### Activity
Retype all data exactly as given. Pictures should not be retyped.

### Dataset extract
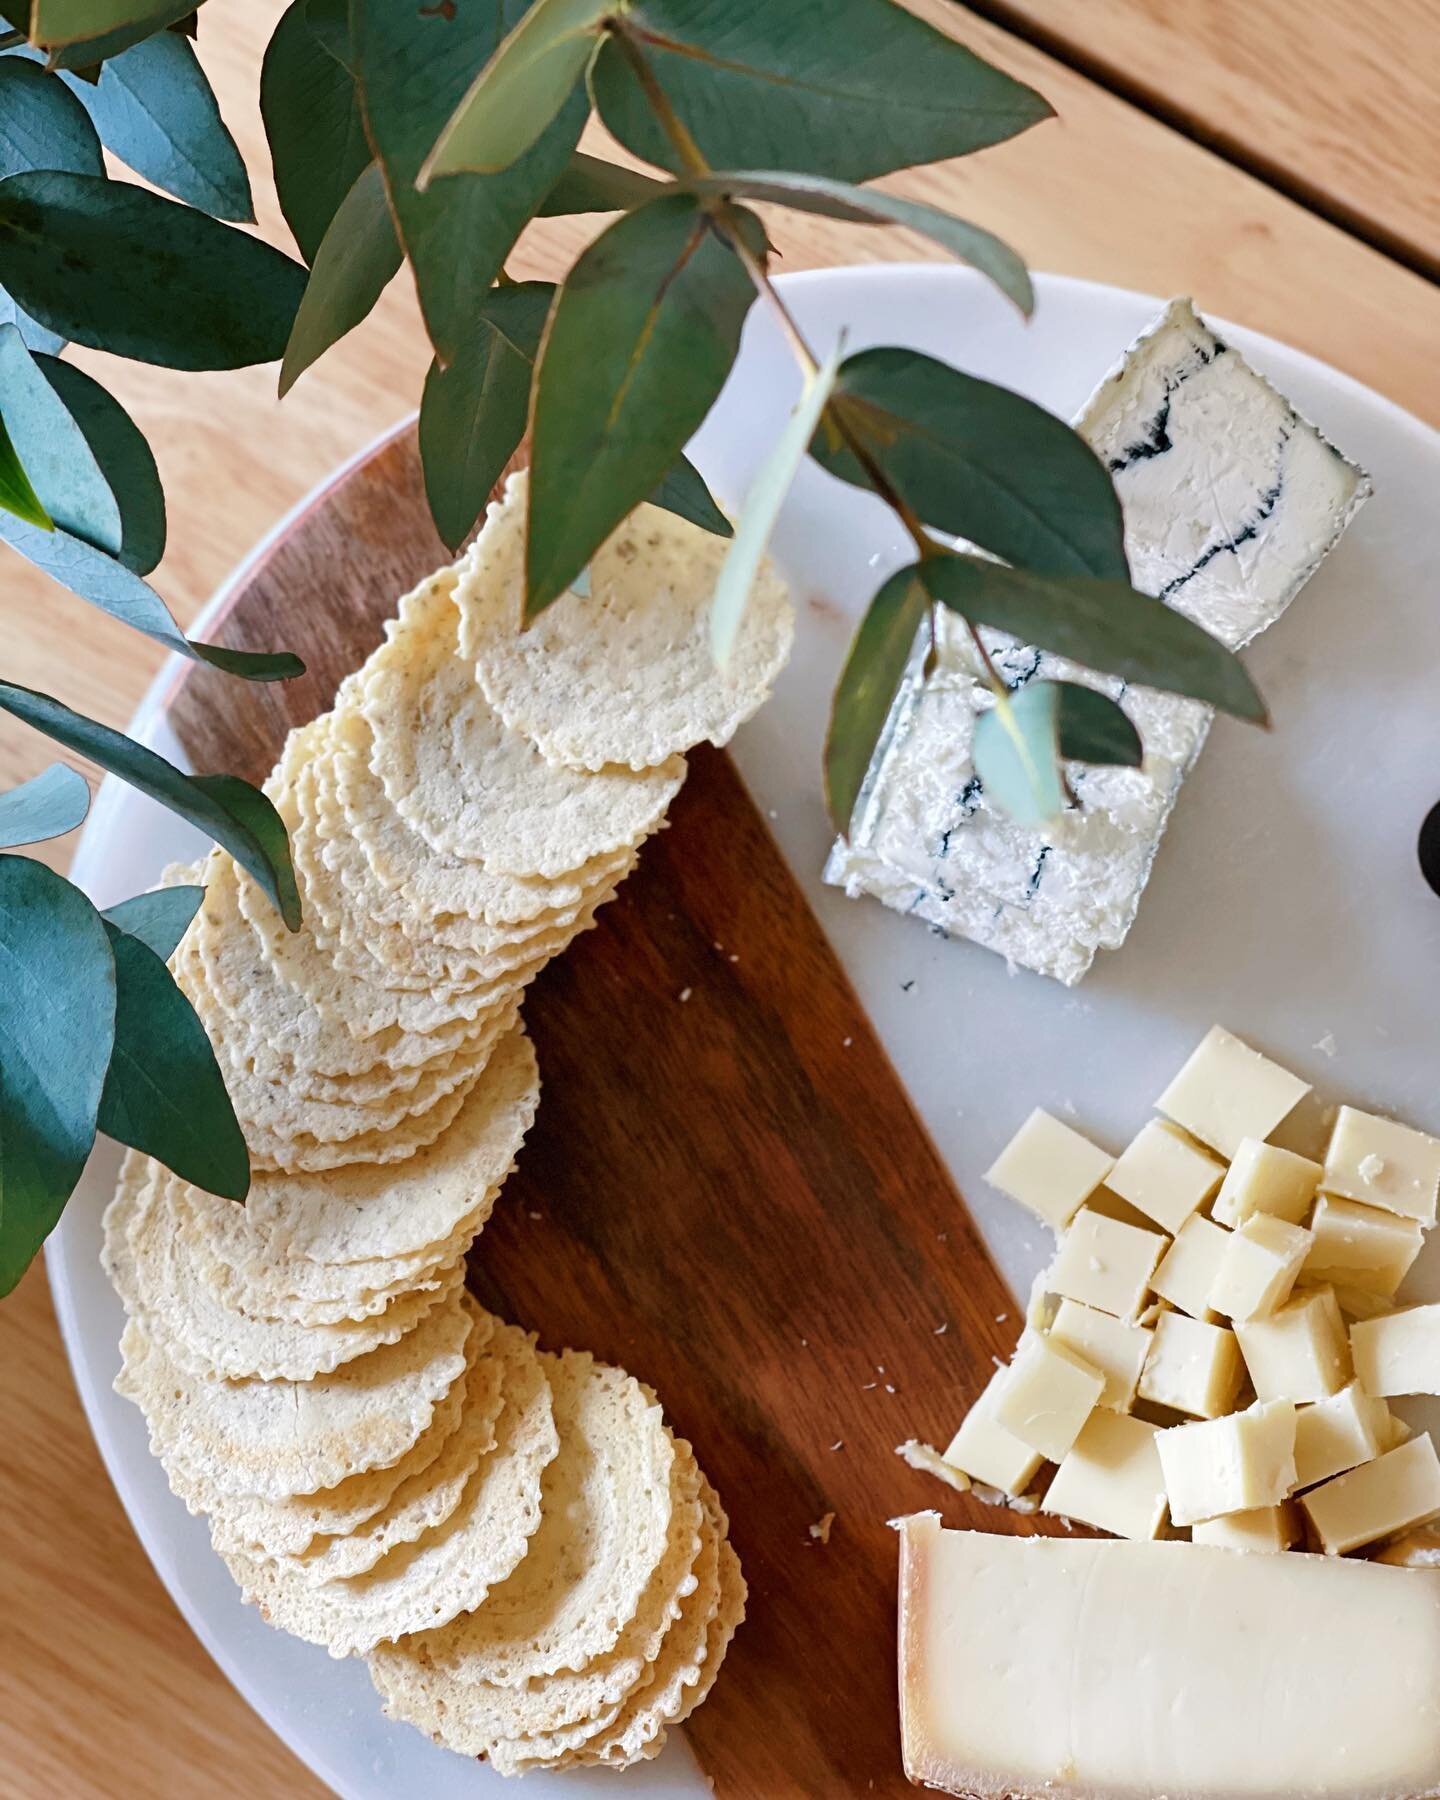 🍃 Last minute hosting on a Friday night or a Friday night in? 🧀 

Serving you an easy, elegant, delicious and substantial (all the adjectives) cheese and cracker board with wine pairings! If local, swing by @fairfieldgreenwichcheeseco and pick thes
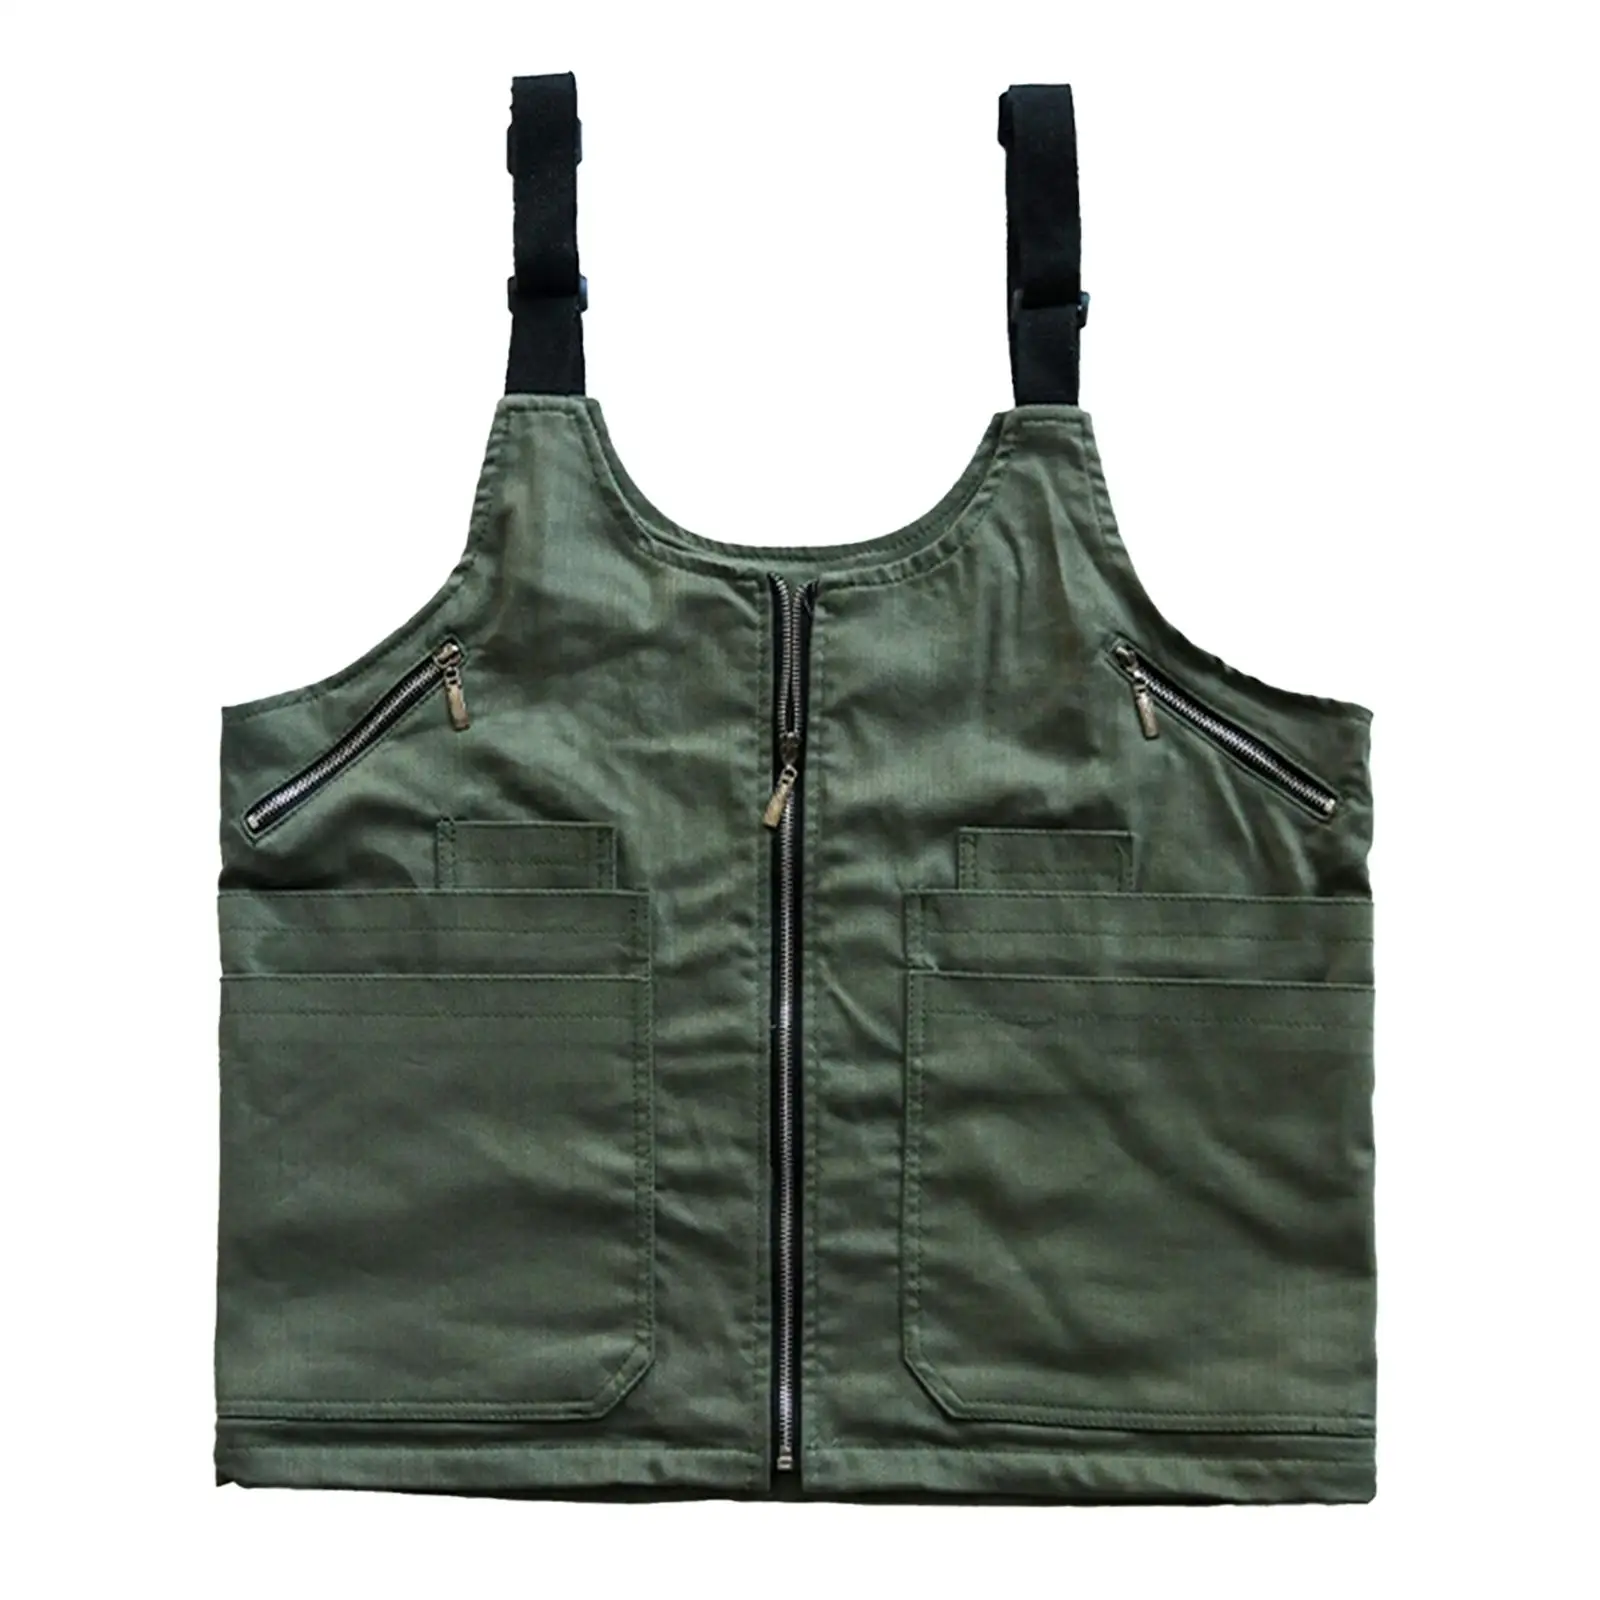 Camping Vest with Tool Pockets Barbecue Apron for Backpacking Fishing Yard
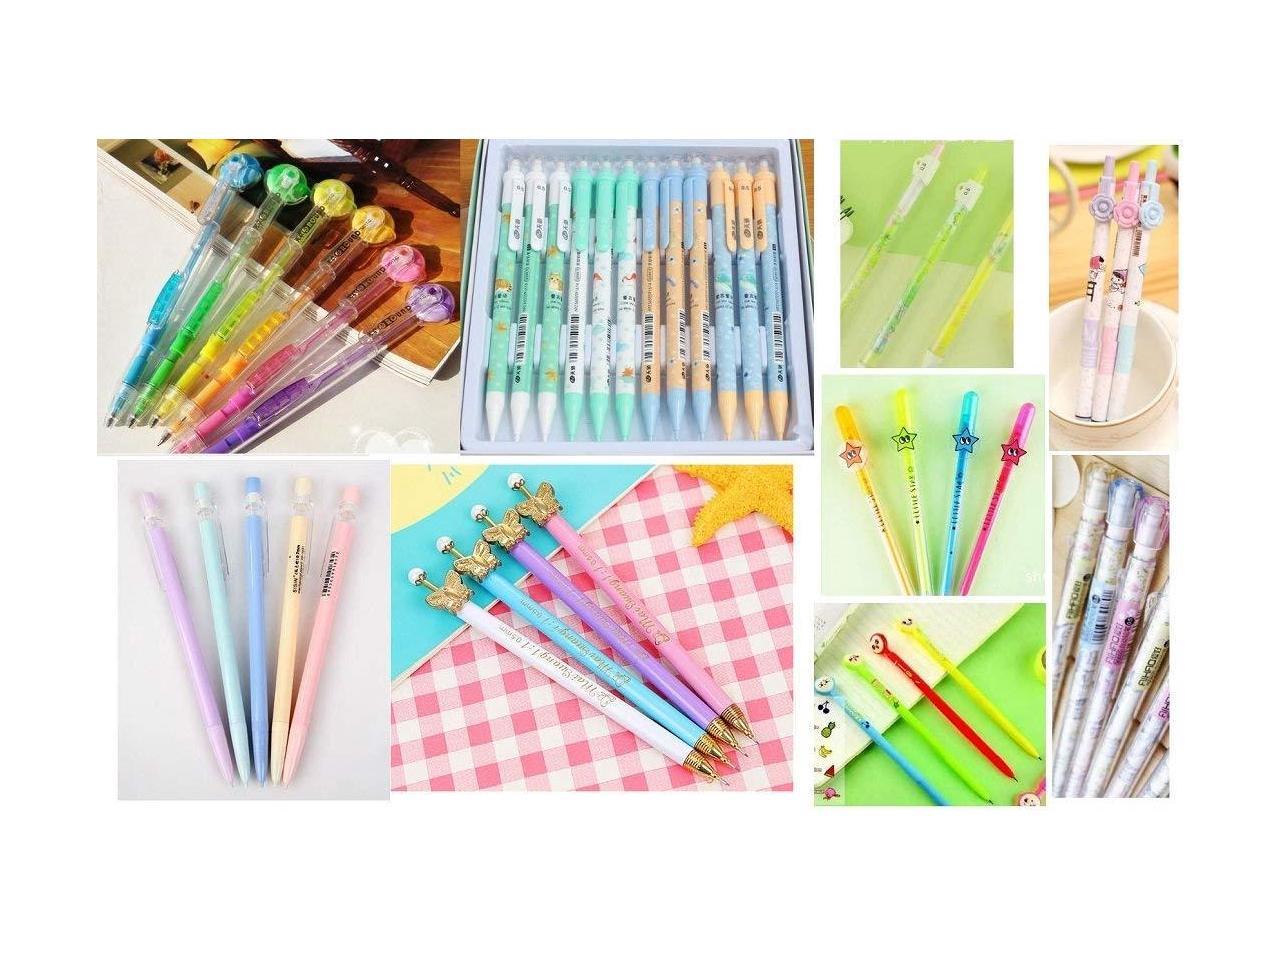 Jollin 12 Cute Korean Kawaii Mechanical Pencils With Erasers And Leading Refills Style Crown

### Task output
 🍃 Last minute hosting on a Friday night or a Friday night in? 🧀 

Serving you an easy, elegant, delicious and substantial (all the adjectives) cheese and cracker board with wine pairings! If local, swing by @fairfieldgreenwichcheeseco and pick thes
 Camping Vest with Tool Pockets Barbecue Apron for Backpacking Fishing Yard
 Jollin 12 Cute Korean Kawaii Mechanical Pencils With Erasers And Leading Refills Style Crown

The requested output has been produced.